---
title: Ace Profiling Attorney - The Case of the Missing Gbits
categories: [Programming, Profiling]
tags: [Rust, kernel, networking]
---

> **Disclaimer:** This is not a language-war post. No “X vs Y”.  
> This is a profiling detective story about my Rust TCP forwarder [`oi`](https://github.com/DaZuo0122/oxidinetd).

---
## 0) Prologue — The Courthouse Lobby

> **Me:** I wrote a Rust TCP port forwarder. It works. It forwards.  
> 
> **Inner Prosecutor (Phoenix voice):** *Hold it!* “Works” is not a metric.
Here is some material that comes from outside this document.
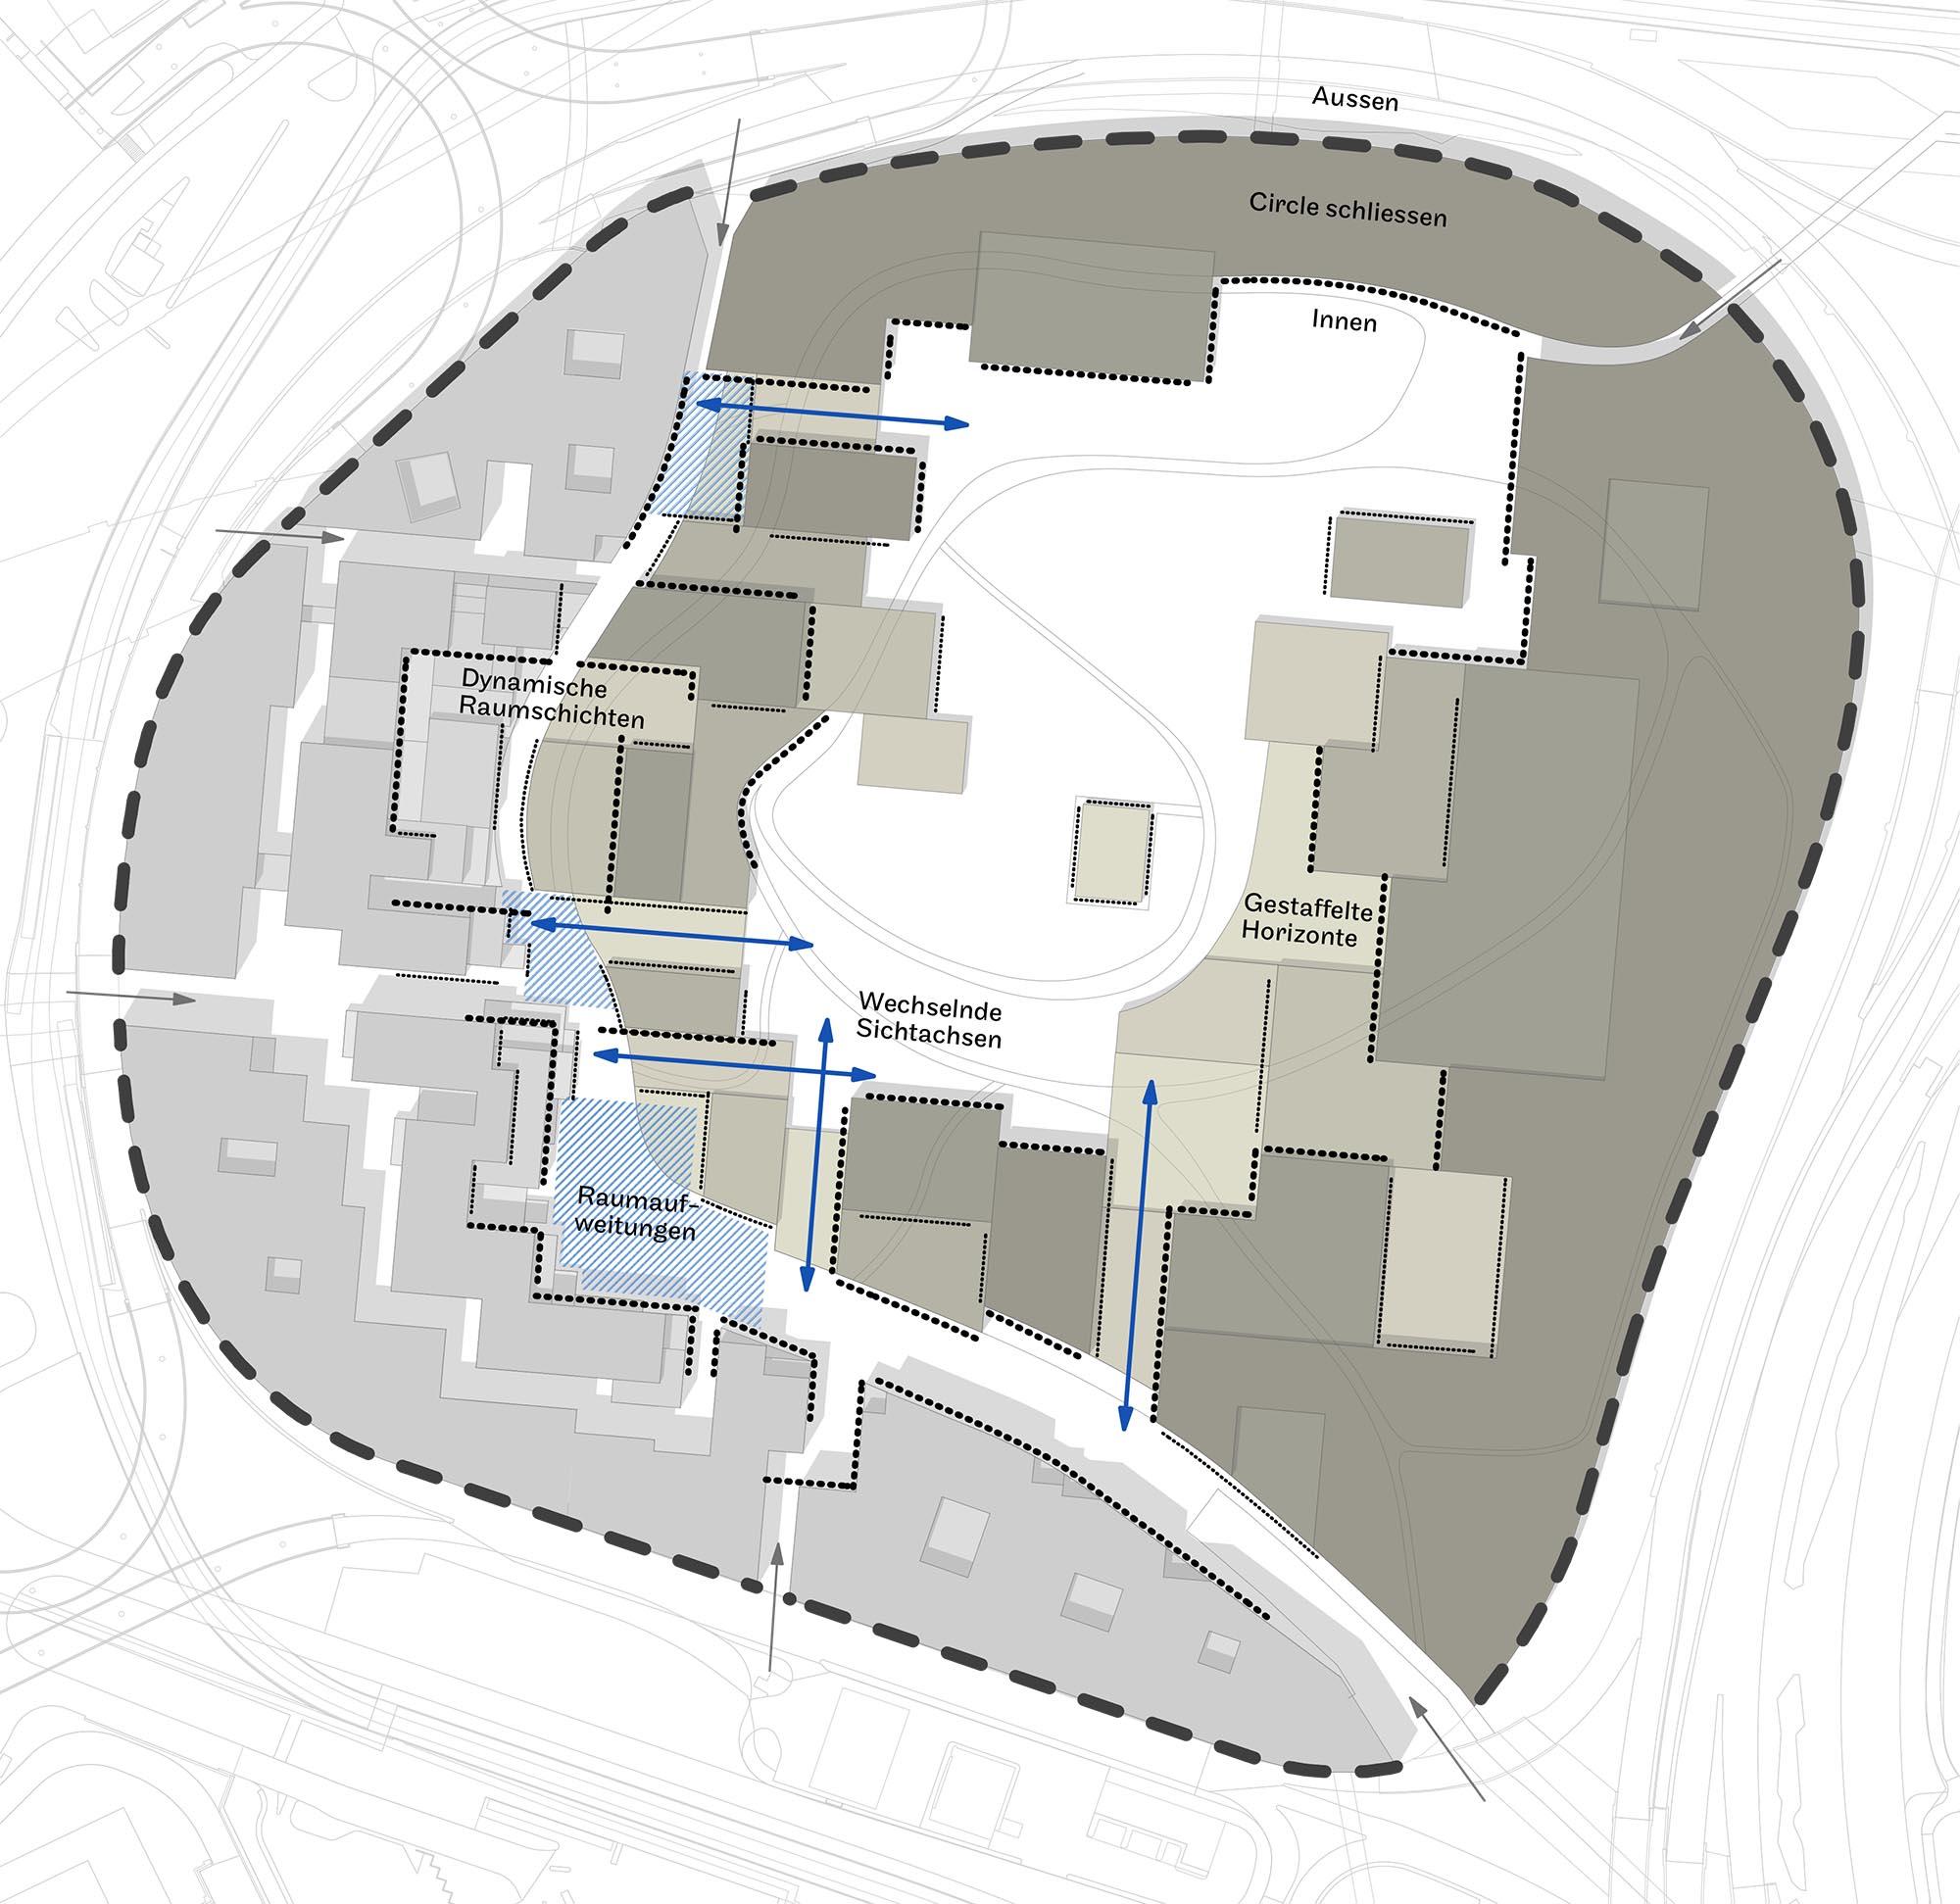 Räumliche Klarheit   Der Park orientiert sich in seiner räumlichen Ausprägung an der Gebäudestruktur. Der Circle wird geschlossen und lässt ein Innen und Aussen entstehen. Die markante Waldkante nach Aussen gibt dem Circle ein Ausdruck in Richtung Kloten und schafft eine Allseitigkeit des Konglomerats Park und Gebäude. Im Innern löst sich die Raumstruktur auf. Gebäude und Park spielen mit ihren Raumschichten und Horizonten zusammen. Der Dynamik des Waldes folgend, unterliegt die innere Struktur des Parks einer ständigen Veränderung und führt somit die Transformationsgeschichte des Butzenbüel fort.

How fast?  
> 
> **Me:** Not fast enough under load.  
> 
> **Inner Prosecutor:** *Objection!* “Not fast enough” is an emotion. Bring evidence.  
> 
> **Me:** Fine. I’ll bring **perf**, **strace**, and a **flamegraph**.  
> 
> **Inner Prosecutor:** Good. This court accepts only facts.

## 1) The Crime Scene — Setup & Reproduction

**Me:** Single machine, Debian 13. No WAN noise, no tunnel bottlenecks.  

**Inner Prosecutor:** *Hold it!* If it’s “single machine”, how do you avoid loopback cheating?  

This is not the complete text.